My actual desk is used to keep my laptop, take attendance, mark papers, before and after school work, attend online meetings, and store my own teacher resources. I prefer to have this more “formal” area for myself when my students aren’t in the classroom.
- Decor and Other Considerations
Lighting is a very important piece to setting up your first classroom. Do you have fluorescent or LED lighting? You can buy covers for your fluorescent lighting on Amazon to soften them a bit. They even have prints and multi-colors to bring a little more fun to your room. Along with lighting, you can table lamps for specific areas of your room, or fairy lights are a nice touch, too!
Curtains are another item to consider for your room. What direction does your room face? If the sun will be streaming in all day, you may want to consider full-length curtains for your windows. There are tons of fun prints out there to choose from!
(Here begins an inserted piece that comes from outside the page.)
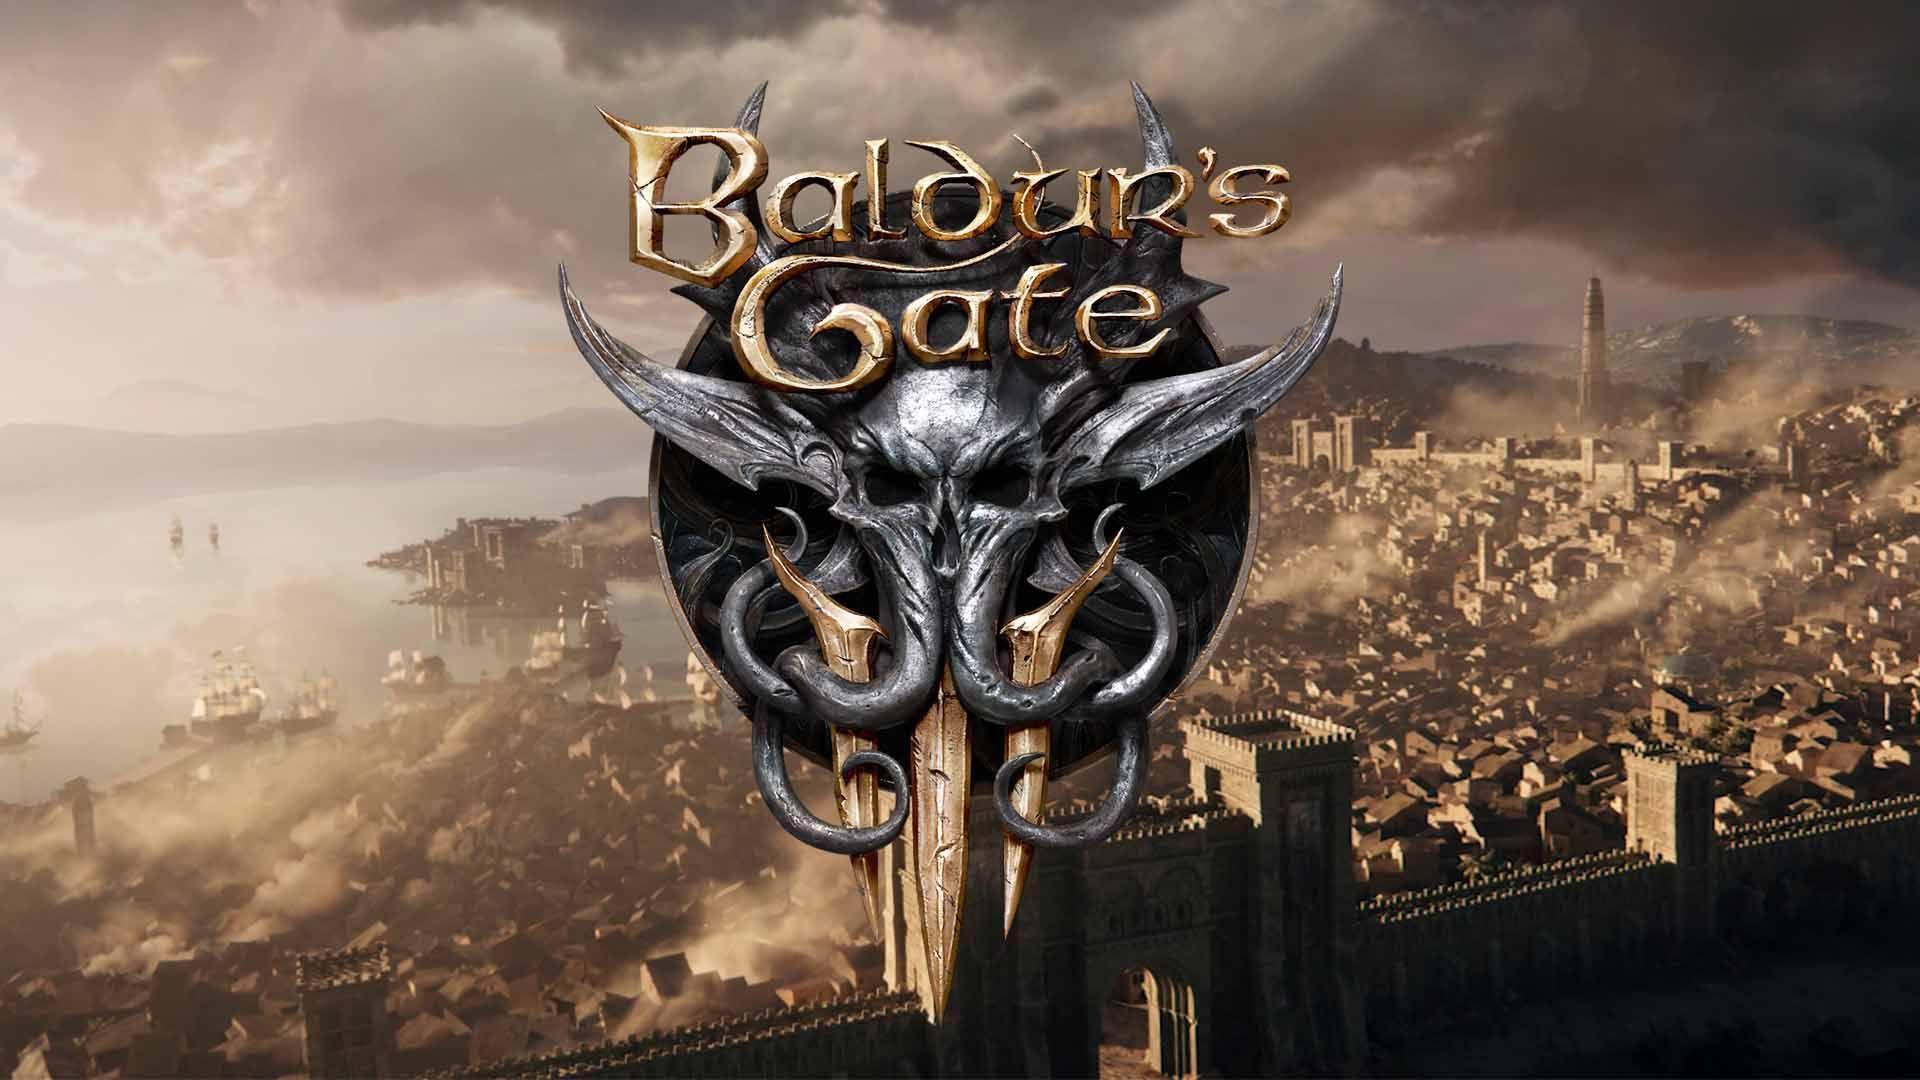 Baldurs-Gate 3-provato-early-access
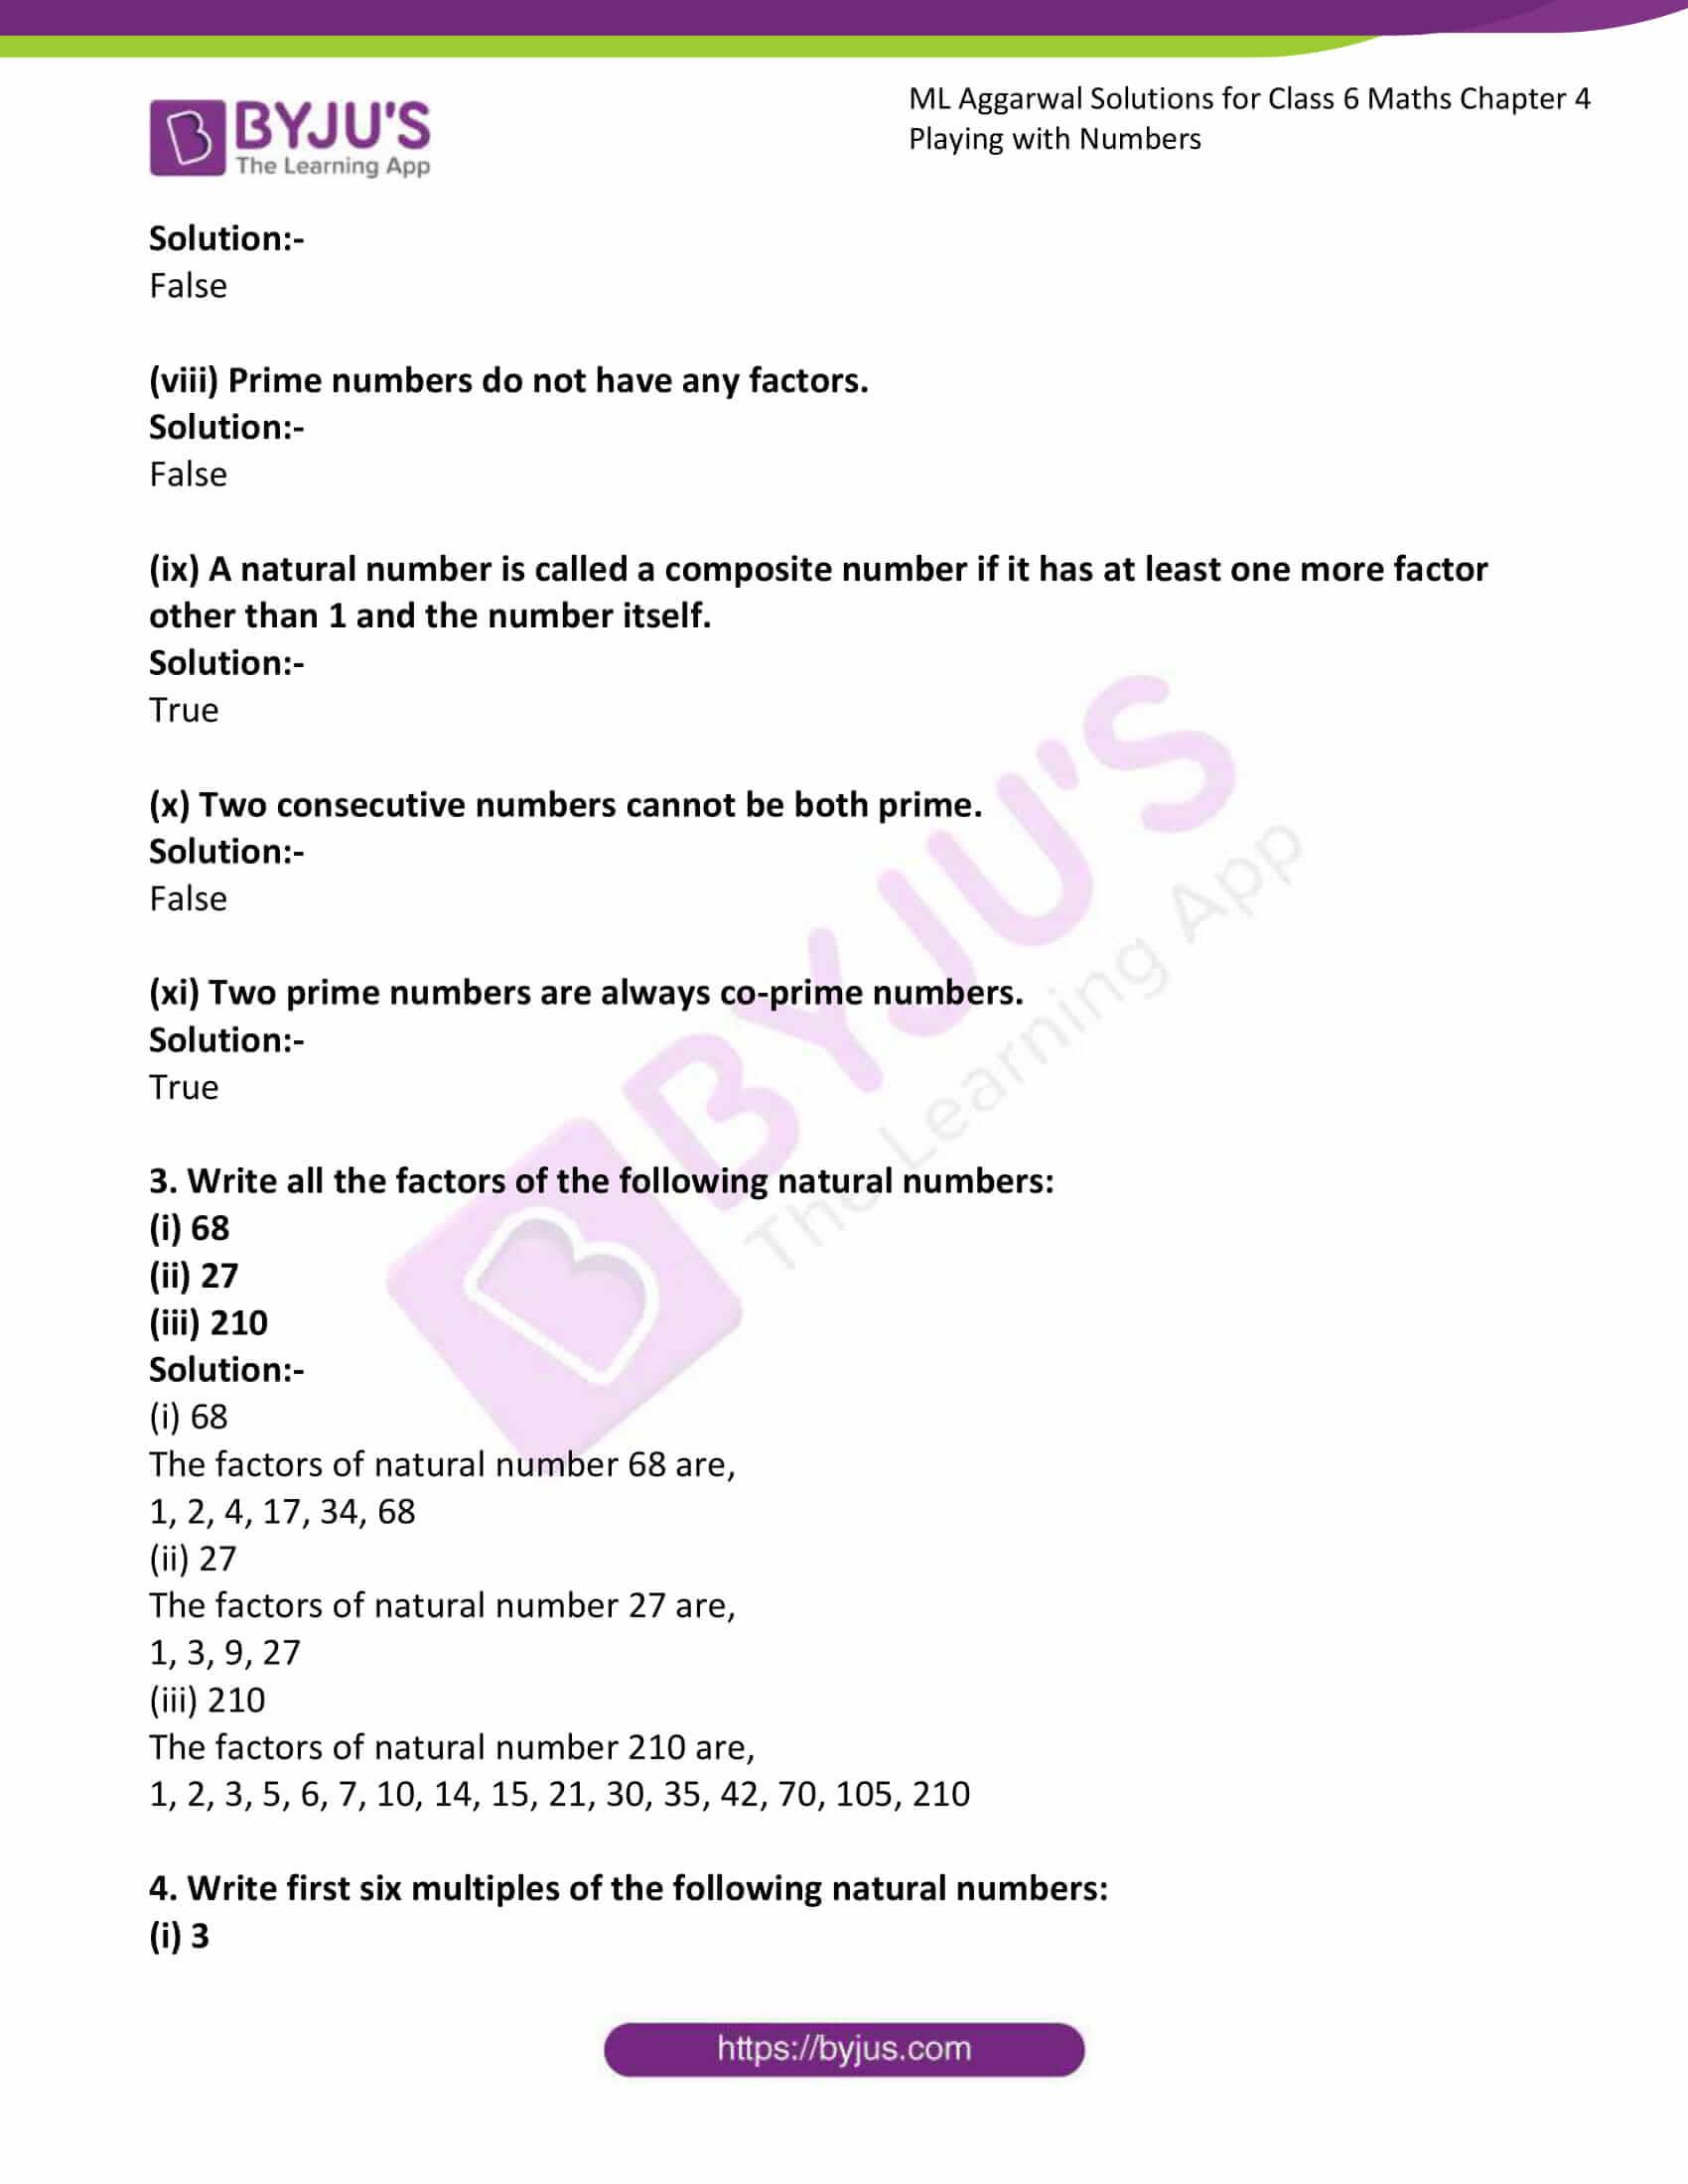 ml aggarwal sol class 6 maths chapter 4 3

Some other considerations to think about are traffic flow and line-ups. Can the kids access the doors easily, or are they having to weave in and out of furniture to get there? Are rugs taped down so nobody trips? Are all electrical cords out of the way? It’s also imperative that you as the teacher are able to see all of your students at all times, including from your own desk or workstation.
Setting up your first classroom is so exciting! You’re the boss and get to set up your things as you please. 🙂 Finding what works best for your classroom can be a trial and error process. Don’t be afraid to move things around if you’re not happy with your first decision! Nothing has to be permanent.